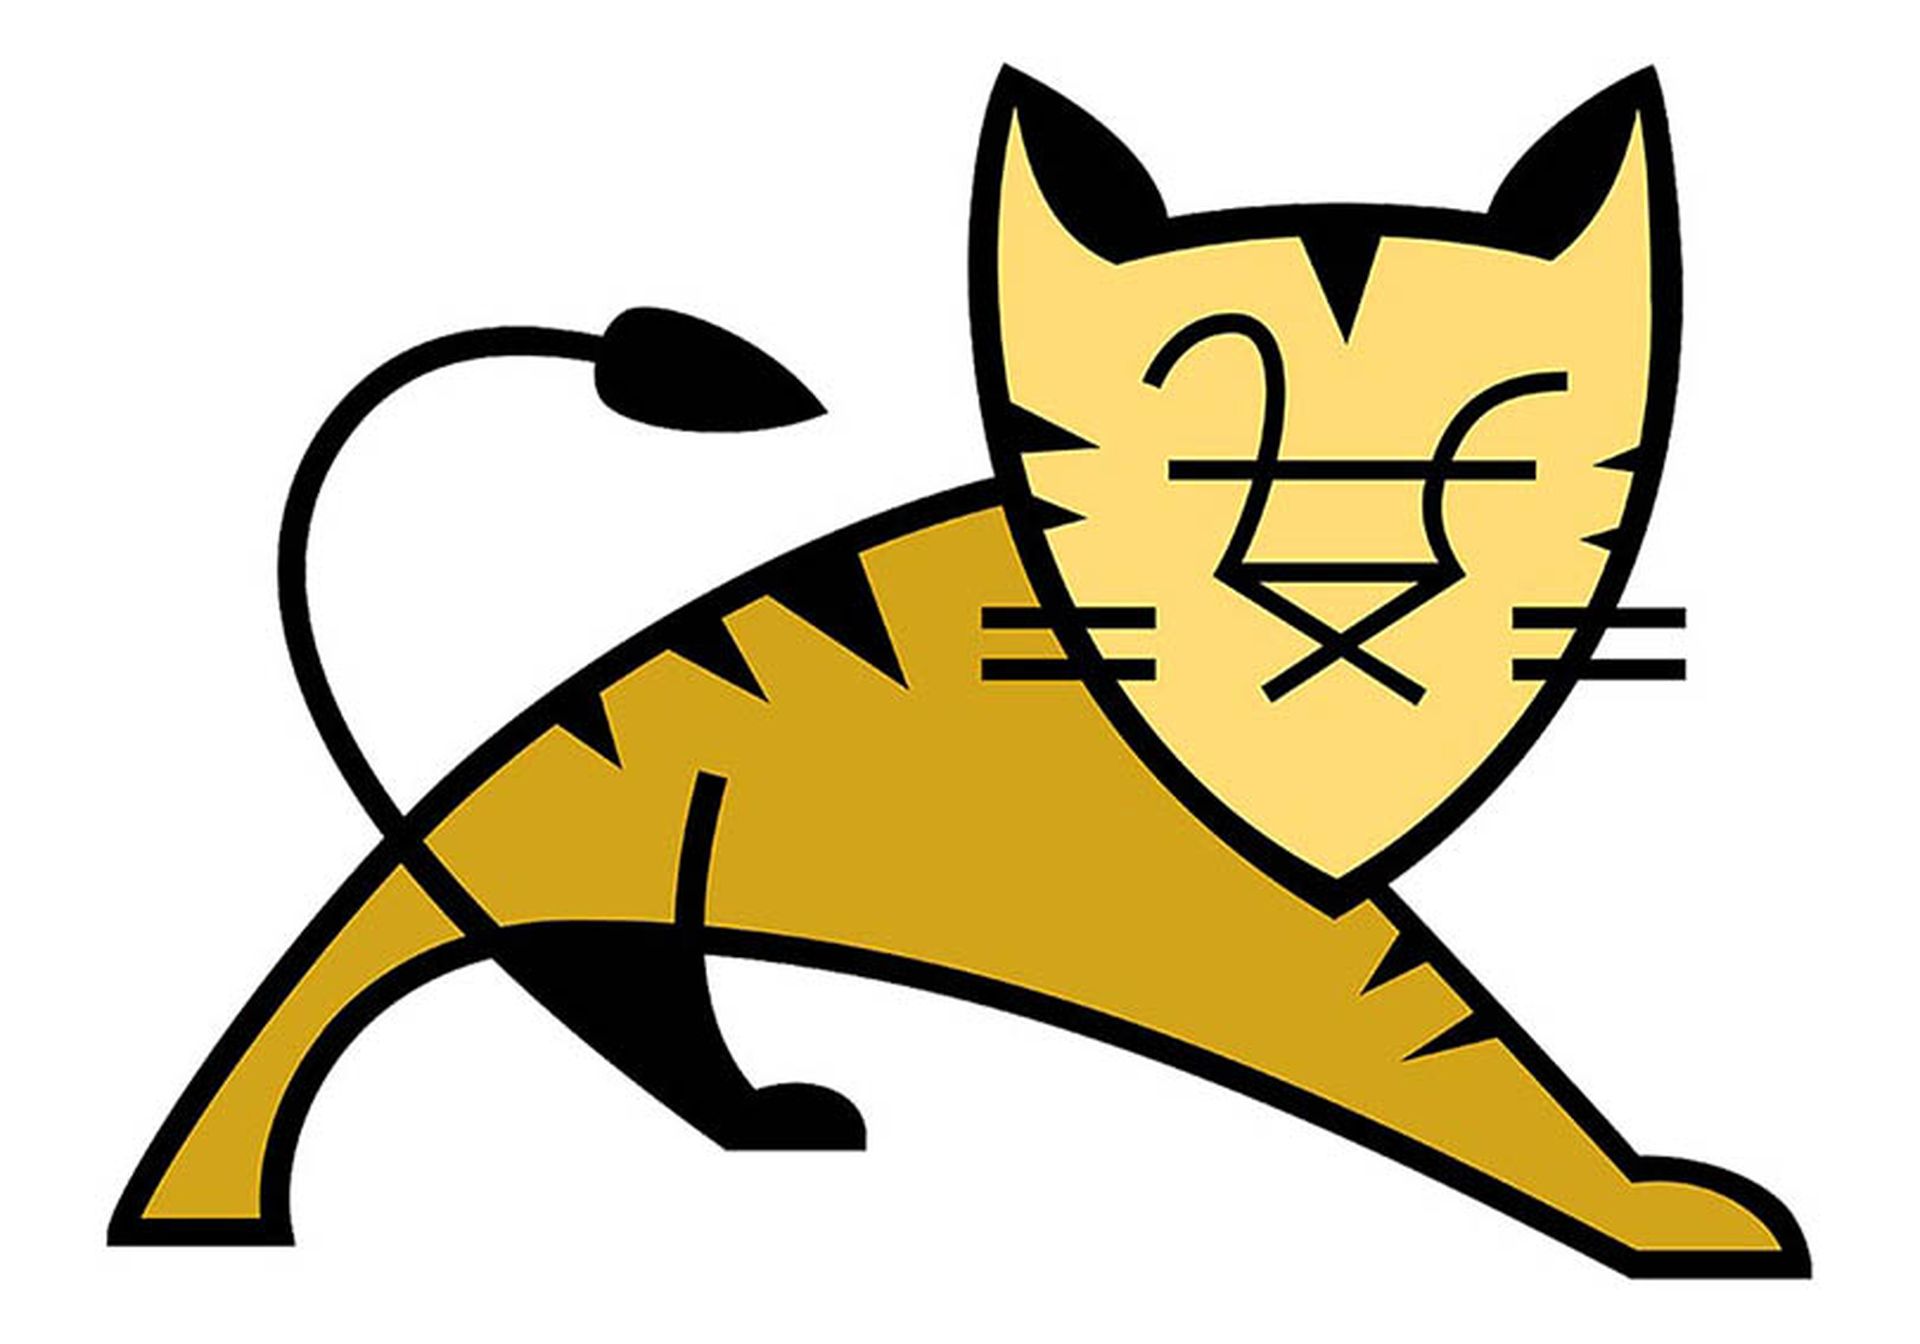 Unpatched Apache Tomcat servers spread Mirai botnet malware
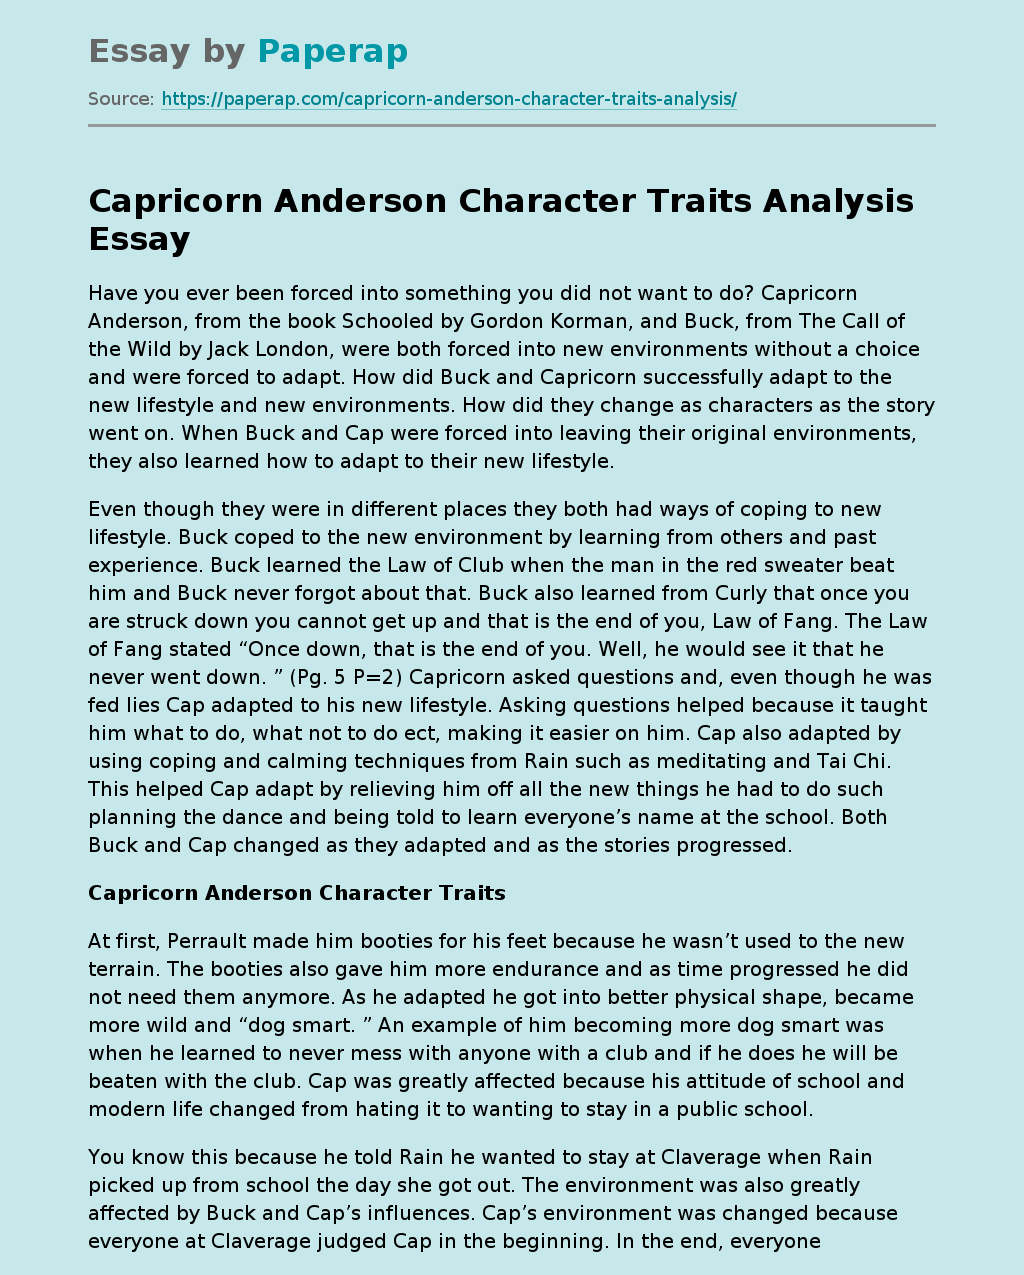 Capricorn Anderson Character Traits Analysis
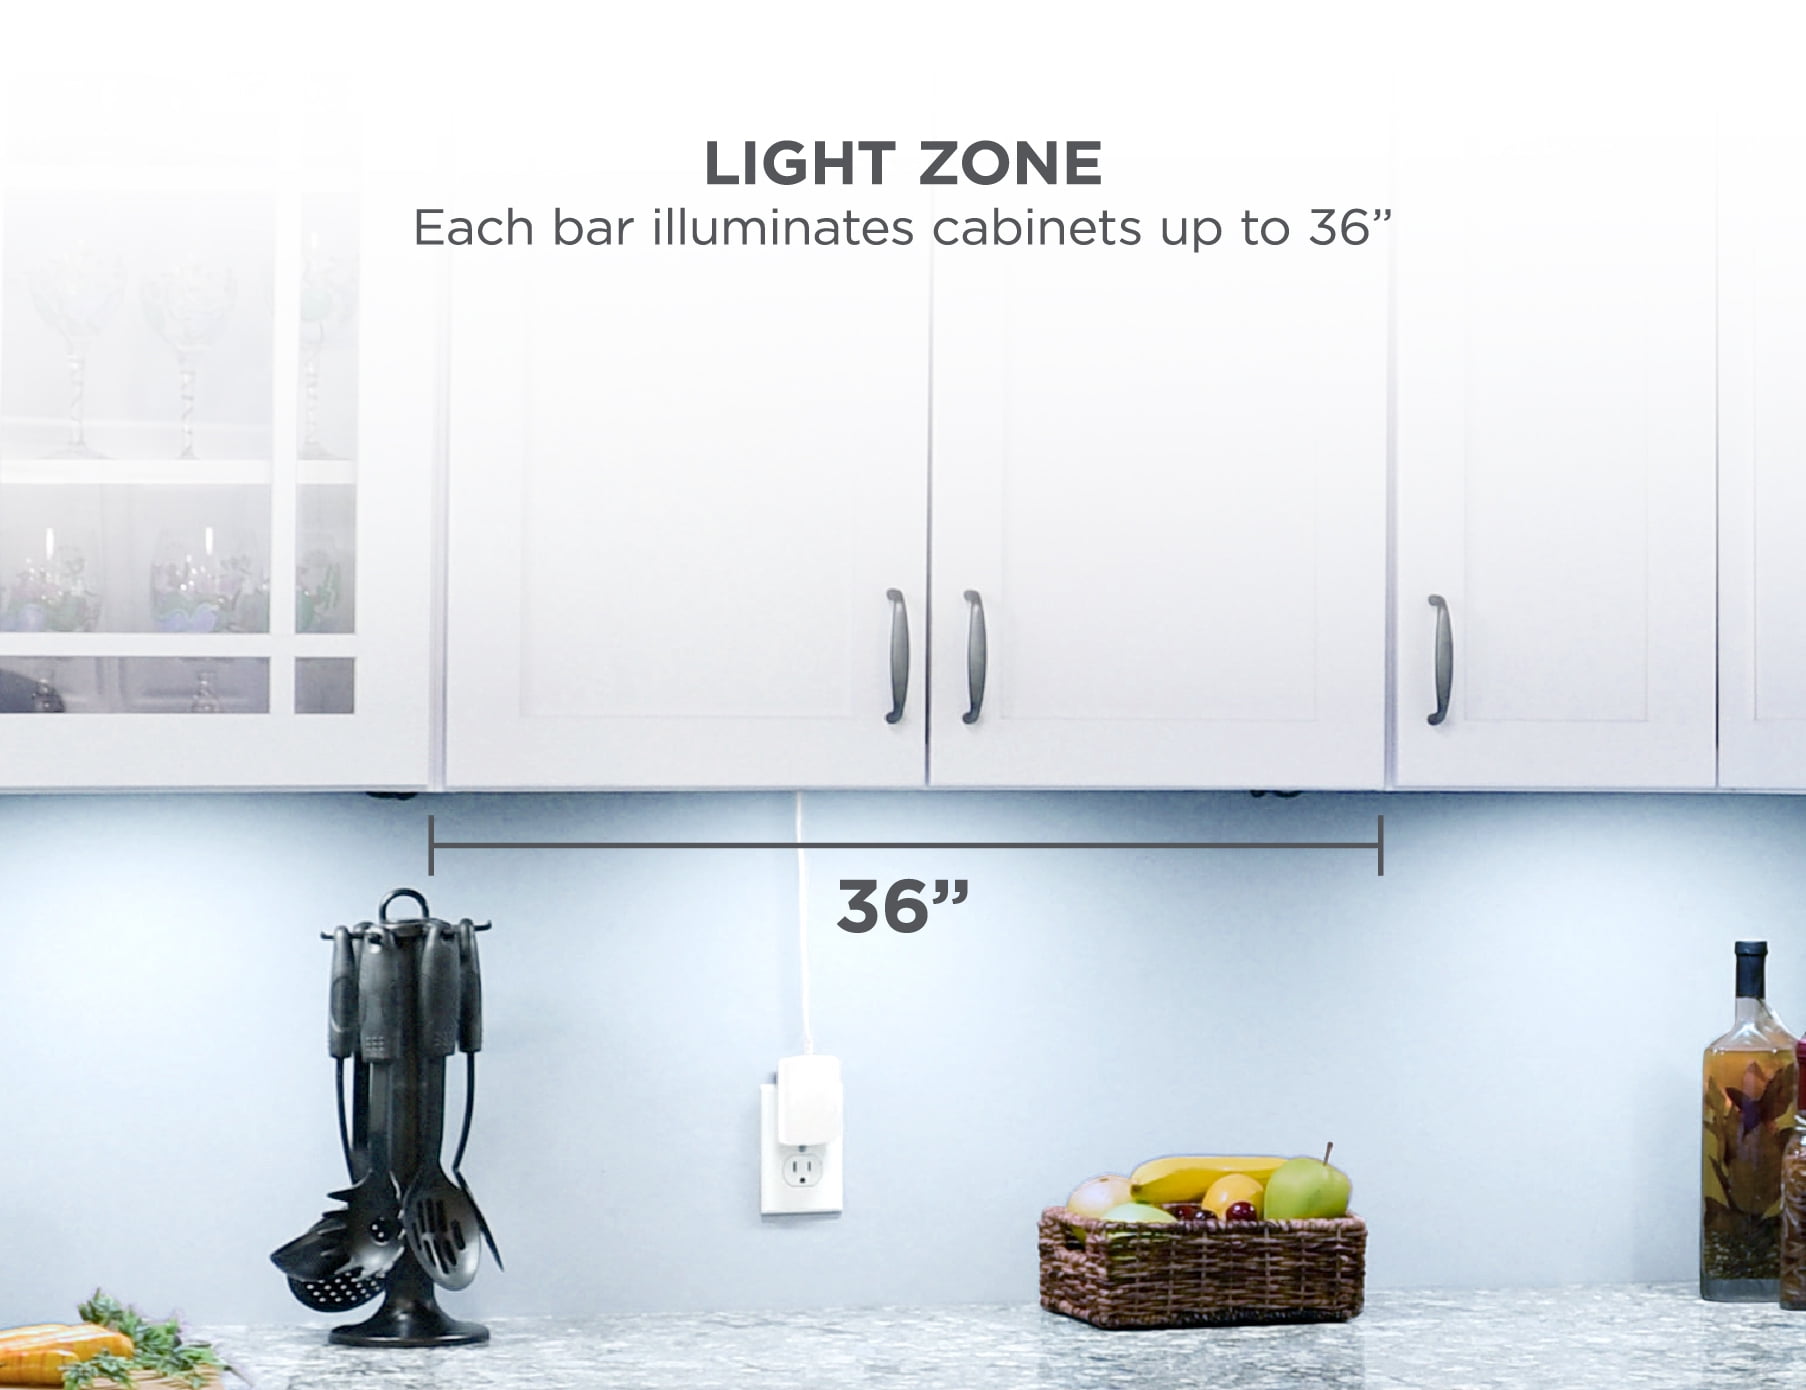 BLACK+DECKER LED Under Cabinet Light Kit, Cool White, Stick up Design,  3-Bars, 6” Each (LEDUC6-3CK)

■ AIM OF THE EXERCISE:
Please write out the entire listing above exactly, but leave the pictures out.

■ SOLUTION FOR THIS EXERCISE:
 Unpatched Apache Tomcat servers spread Mirai botnet malware
 Capricorn Anderson Character Traits Analysis
 BLACK+DECKER LED Under Cabinet Light Kit, Cool White, Stick up Design,  3-Bars, 6” Each (LEDUC6-3CK)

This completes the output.